● Exercise brief: Please give every line below again exactly, but not its pictures.

● Data:
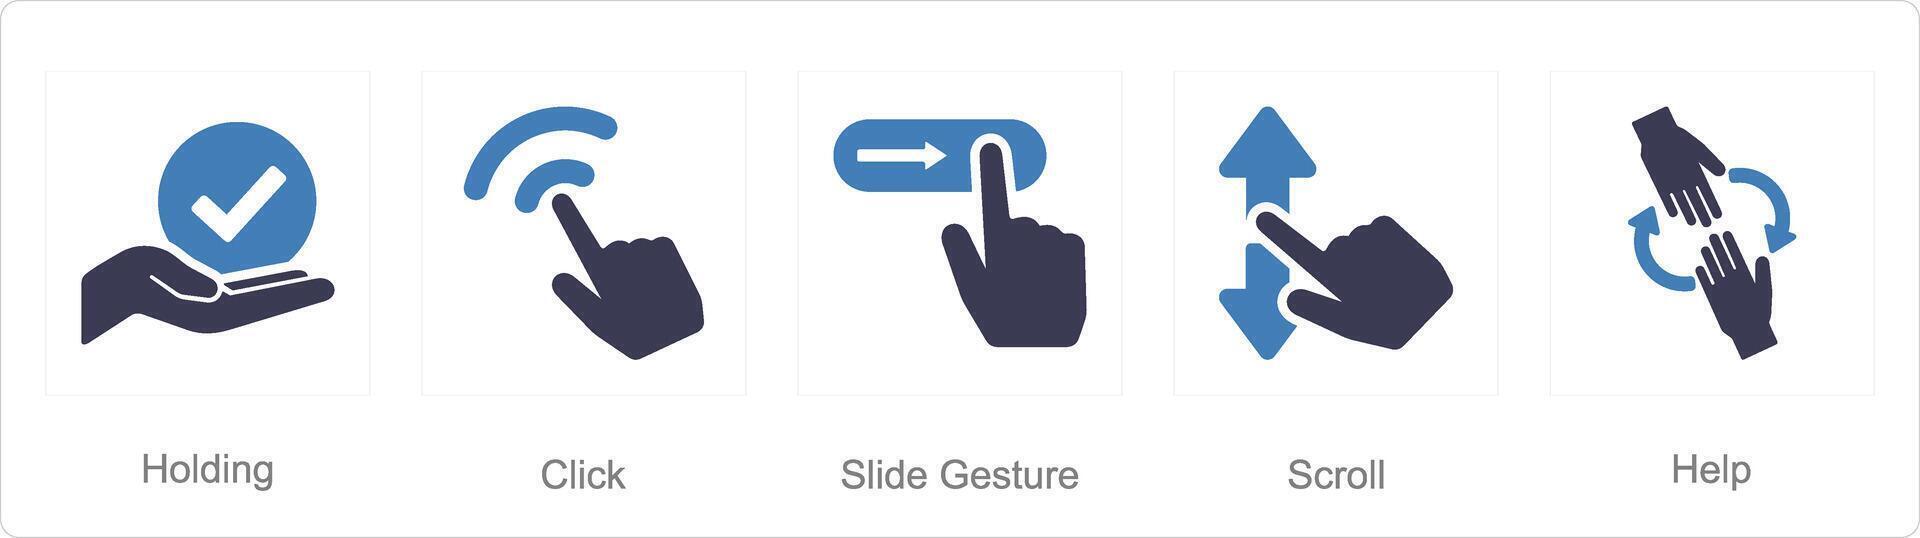 un conjunto de 5 5 manos íconos como tenencia, hacer clic, diapositiva gesto vector
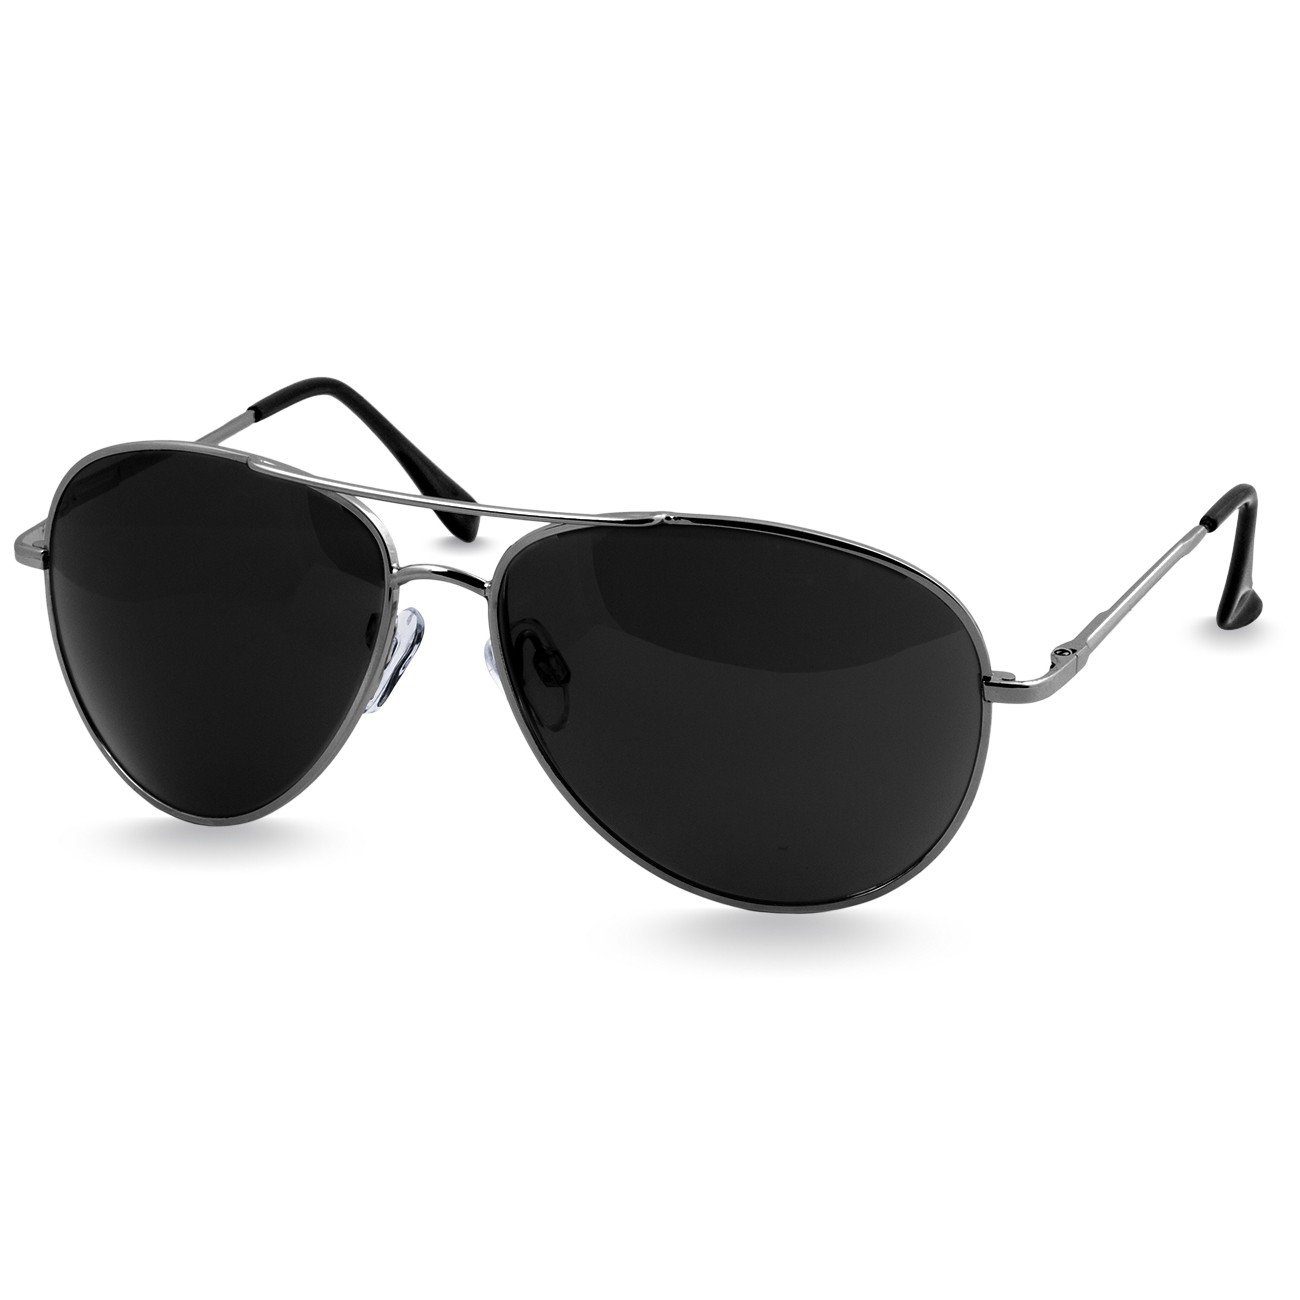 Caspar Sonnenbrille Pilotenbrille SG013 klassische Retro Unisex schwarz / silber
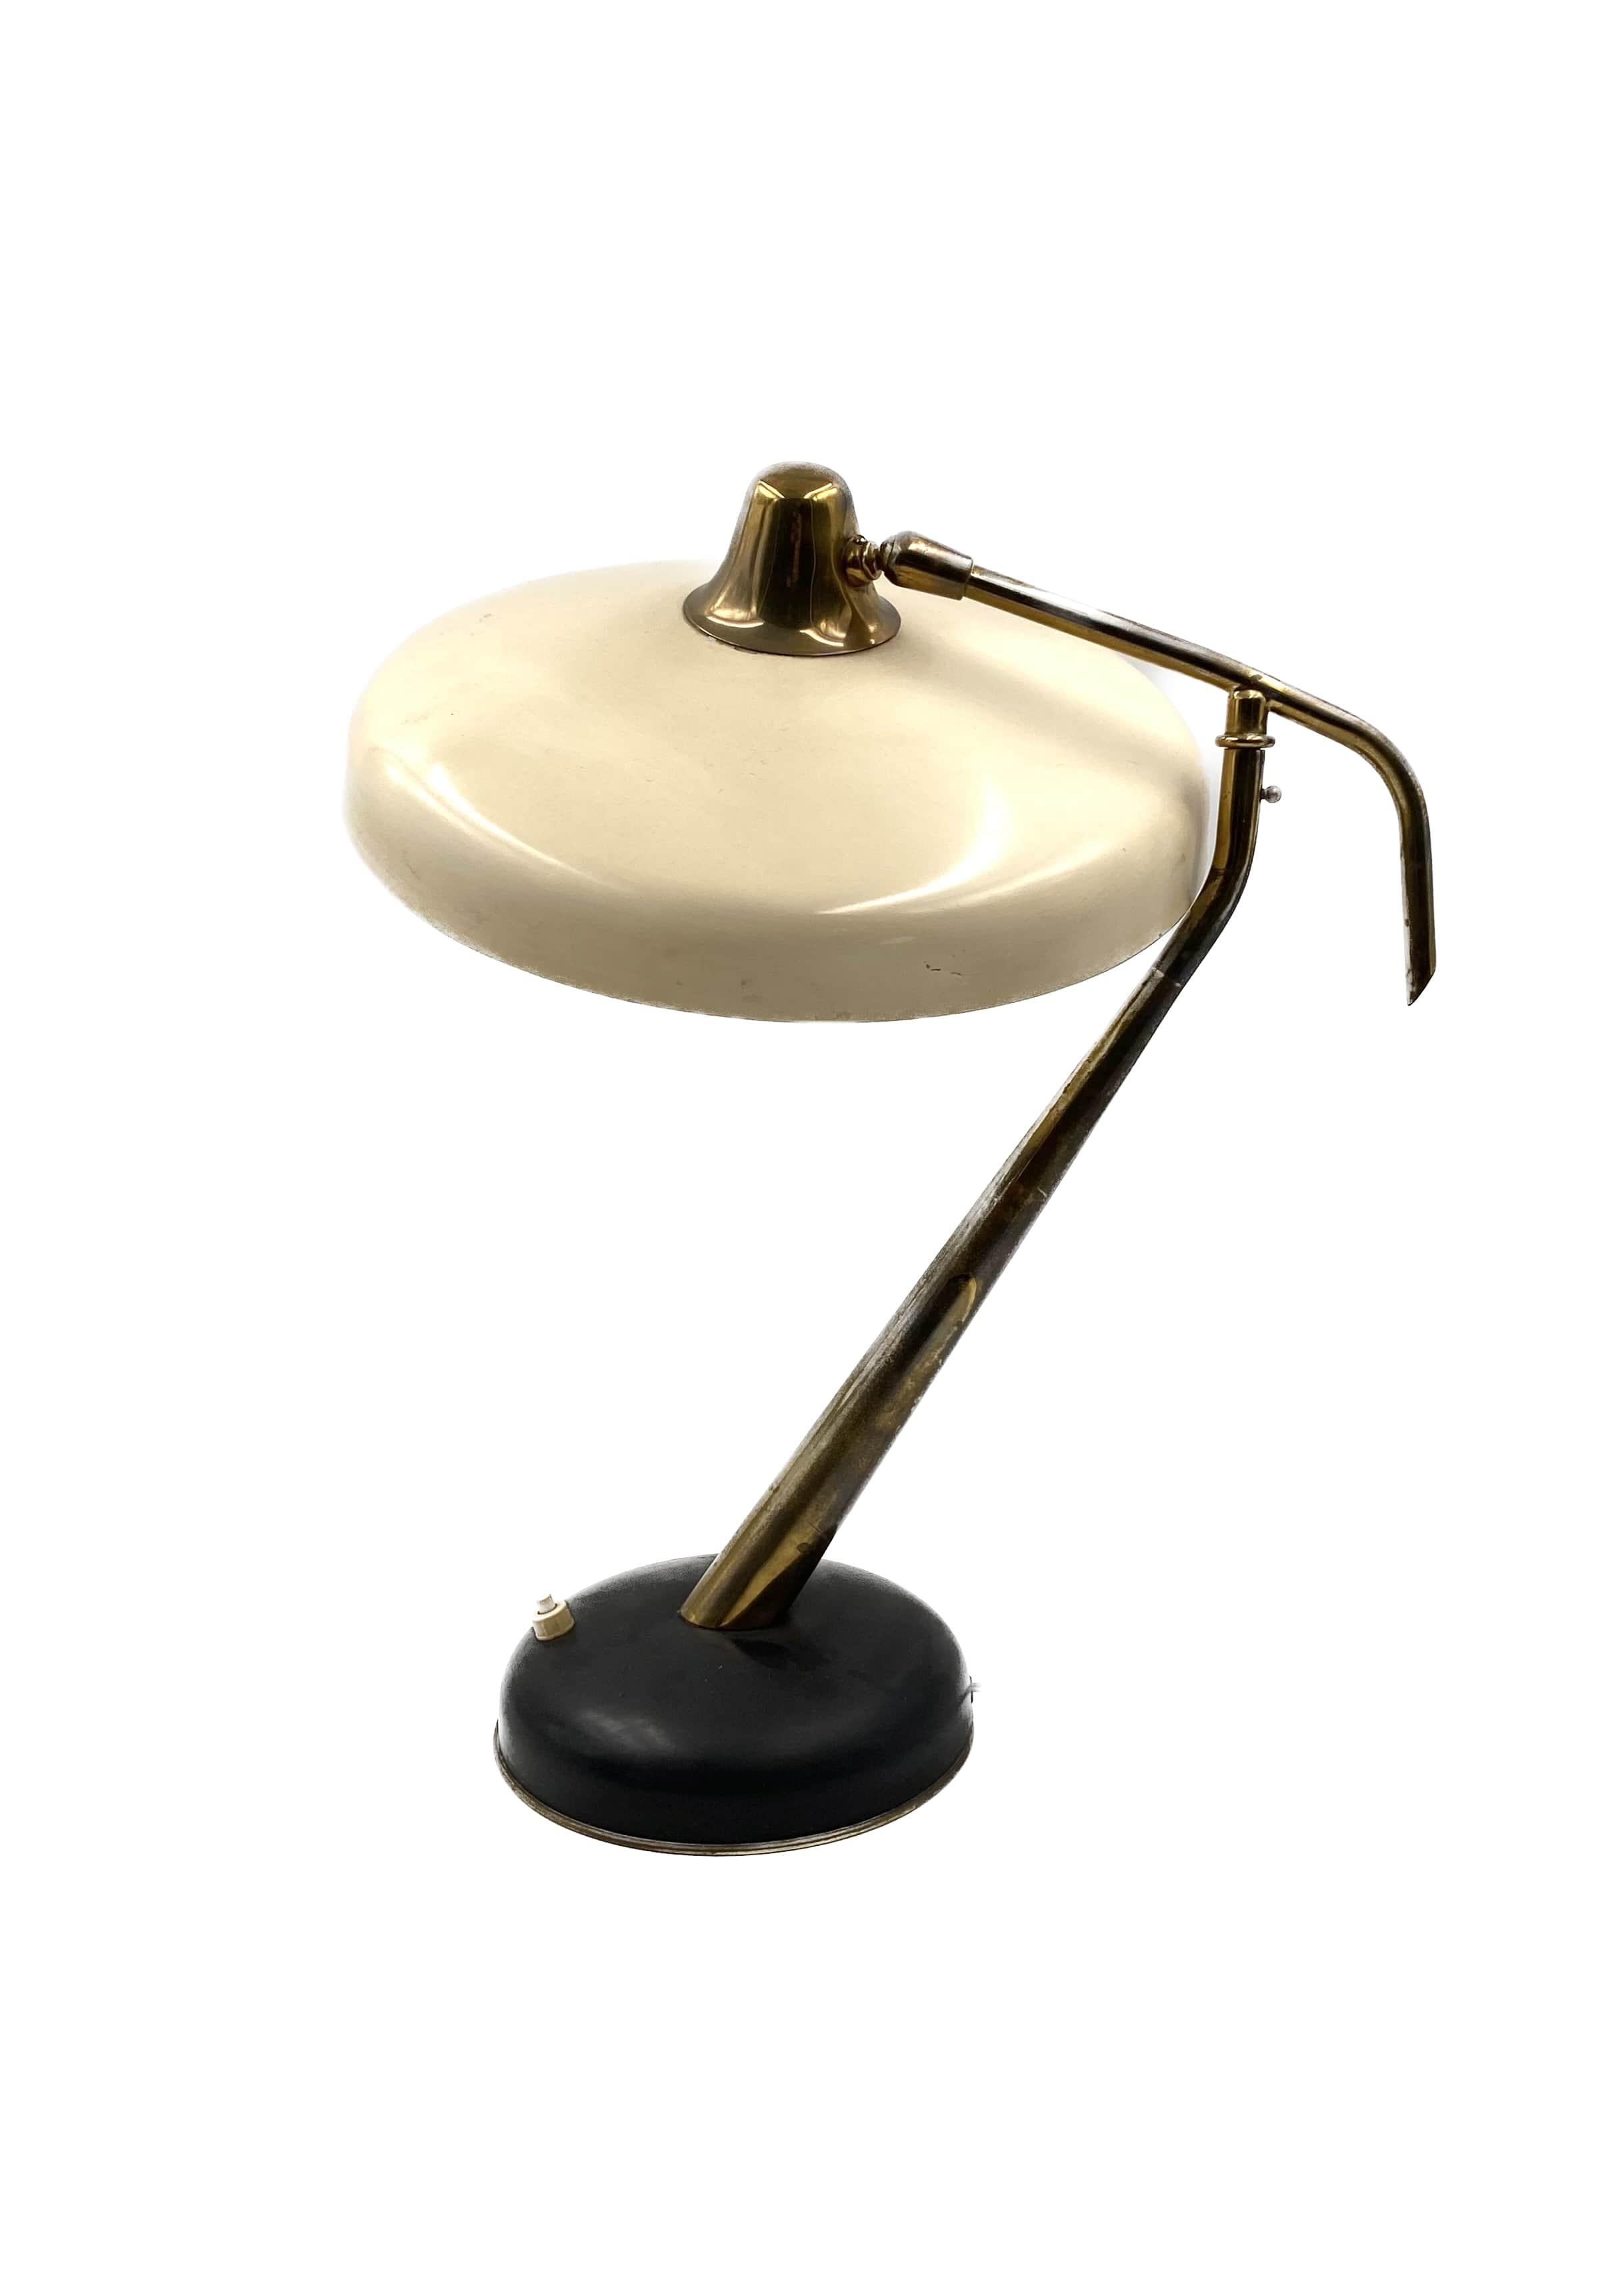 Oscar Torlasco mod. 331 rare brass and lacquered white & black aluminium table / desk lamp

Produced by Lumi, Italy, circa 1950

Triple light bulbs.

Ref.: 1950 Bib. Rivista dell’Arredamento, Jan 1963

H 54 cm - 40 cm

Conditions: very

● Your response:
 un conjunto de 5 5 manos íconos como tenencia, hacer clic, diapositiva gesto vector
 Caspar Sonnenbrille Pilotenbrille SG013 klassische Retro Unisex schwarz / silber
 Oscar Torlasco mod. 331 rare brass and lacquered white & black aluminium table / desk lamp

Produced by Lumi, Italy, circa 1950

Triple light bulbs.

Ref.: 1950 Bib. Rivista dell’Arredamento, Jan 1963

H 54 cm - 40 cm

Conditions: very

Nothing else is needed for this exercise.